When interpreting results, keep the following in mind.

  • Focus on medians, not means. A single slow run (e.g., due to garbage collection or OS scheduling) can skew the mean.

  • Warmup runs matter. The first run is often slower due to JIT compilation (Numba), import overhead, and cache cold-starts. The benchmark suite handles this automatically, but if you’re timing manually, always include warmup.

  • Compare relative scaling. Absolute runtimes depend on hardware. The interesting question is usually how performance scales with dataset size, not the raw seconds.

  • R comparisons use subprocess. The R timing includes R startup overhead, CSV parsing, and package loading. For very small datasets, this overhead may dominate the actual computation time, making Python appear faster than it really is for the statistical computation alone.

Benchmark structure#

The benchmark code lives in benchmark and mirrors the package’s module structure:

benchmark/
├── run_benchmark.py       # Unified CLI entry point
├── common/                # Shared utilities
├── did/                   # att_gt benchmarks
│   ├── config.py          # ATTgtBenchmarkConfig dataclass and suites
│   ├── dgp.py             # Data generation
│   ├── runners.py         # Python and R runner functions
│   ├── storage.py         # Result serialization
│   └── run_benchmark.py   # Module-specific CLI
├── didcont/               # cont_did benchmarks
├── didinter/              # did_multiplegt benchmarks
├── didtriple/             # ddd benchmarks
├── output/                # Generated results and plots
└── plot.py                # Cross-estimator plotting

Each estimator module follows the same pattern. config.py defines a @dataclass with benchmark parameters and a dictionary of named suites. dgp.py generates synthetic data matching the estimator’s expected input format. runners.py contains run_python() and run_r() functions that execute the estimator and return timing results. run_benchmark.py wires everything together with argparse.

Adding a new benchmark#

To add benchmarks for a new estimator, follow the steps below.

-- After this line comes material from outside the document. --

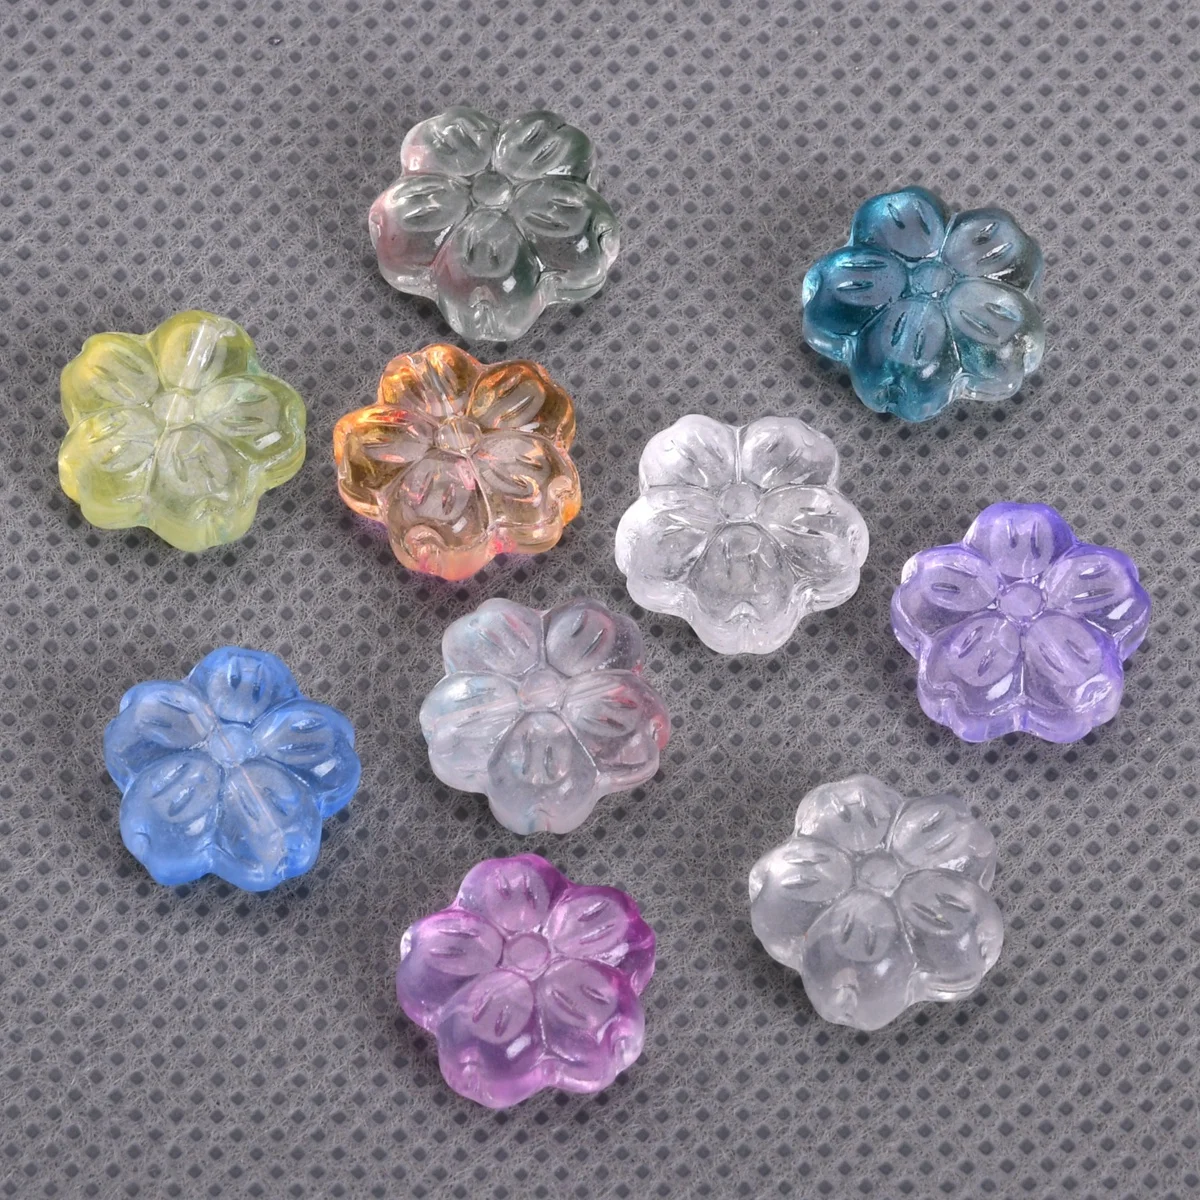 10pcs Mixed 14mm Flower Shape Handmade Lampwork Glass Loose Beads For Jewelry Making DIY Crafts Findings
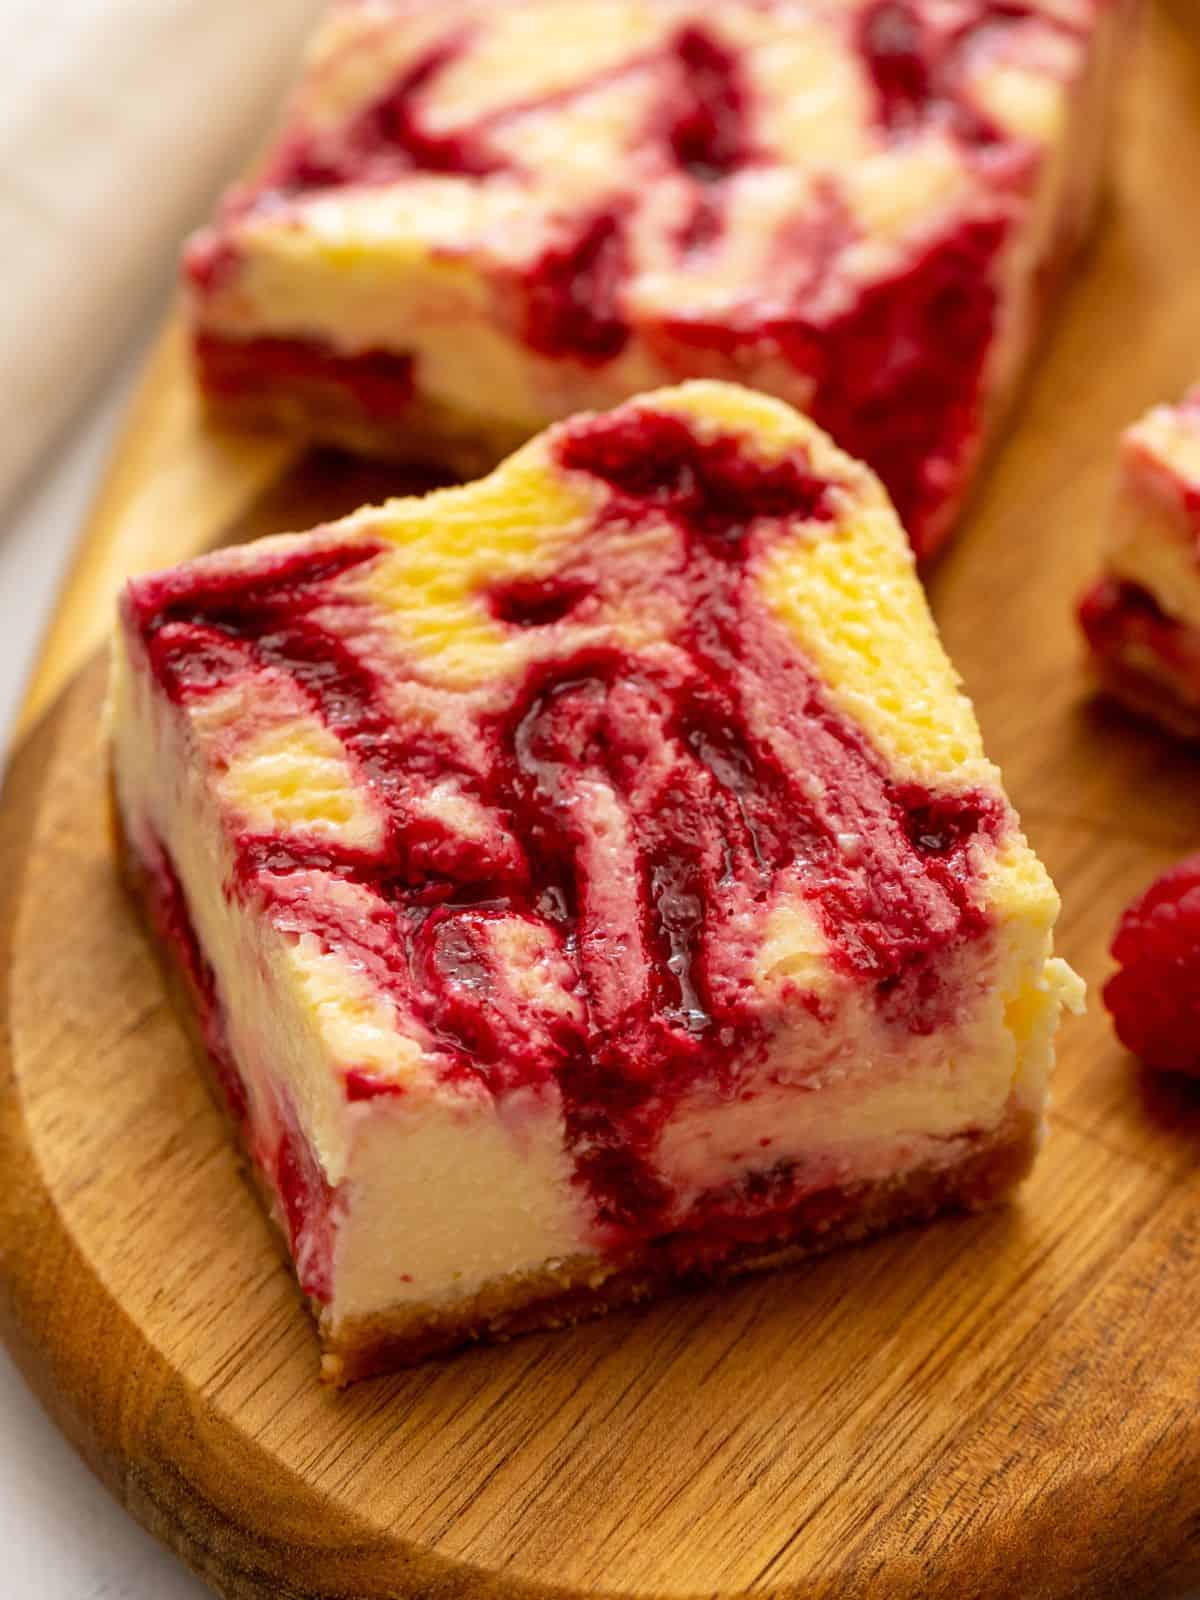 Sliced cheesecake bars on wooden cutting board revealing the raspberry swirl throughout the cheesecake batter.

  1. Create the directory:

    mkdir benchmark/newestimator
    
  2. Define the config in config.py. Follow the existing pattern with a dataclass and a SUITES dictionary:

    @dataclass
    class NewEstimatorBenchmarkConfig:
        n_units: int = 1000
        n_periods: int = 5
        # ... estimator-specific parameters
        n_warmup: int = 1
        n_runs: int = 5
        random_seed: int = 42
    
    NEWESTIMATOR_BENCHMARK_SUITES = {
        "quick": [
            NewEstimatorBenchmarkConfig(n_units=100),
            NewEstimatorBenchmarkConfig(n_units=500),
            NewEstimatorBenchmarkConfig(n_units=1000),
        ],
        "scaling_units": [
            # progressively larger datasets
        ],
    }
    
  3. Implement the data generator in dgp.py. Use the project’s data generation functions from moderndid.core.data where possible.

  4. Implement runners in runners.py. The Python runner should call the estimator and time it. The R runner should export data to CSV, call R via subprocess, and parse the timing output.

  5. Register the subcommand in run_benchmark.py by adding a new subparser and wiring it to your module’s main() function.

  6. Add a ``quick`` suite at minimum so others can verify the benchmark works without waiting for large-scale runs.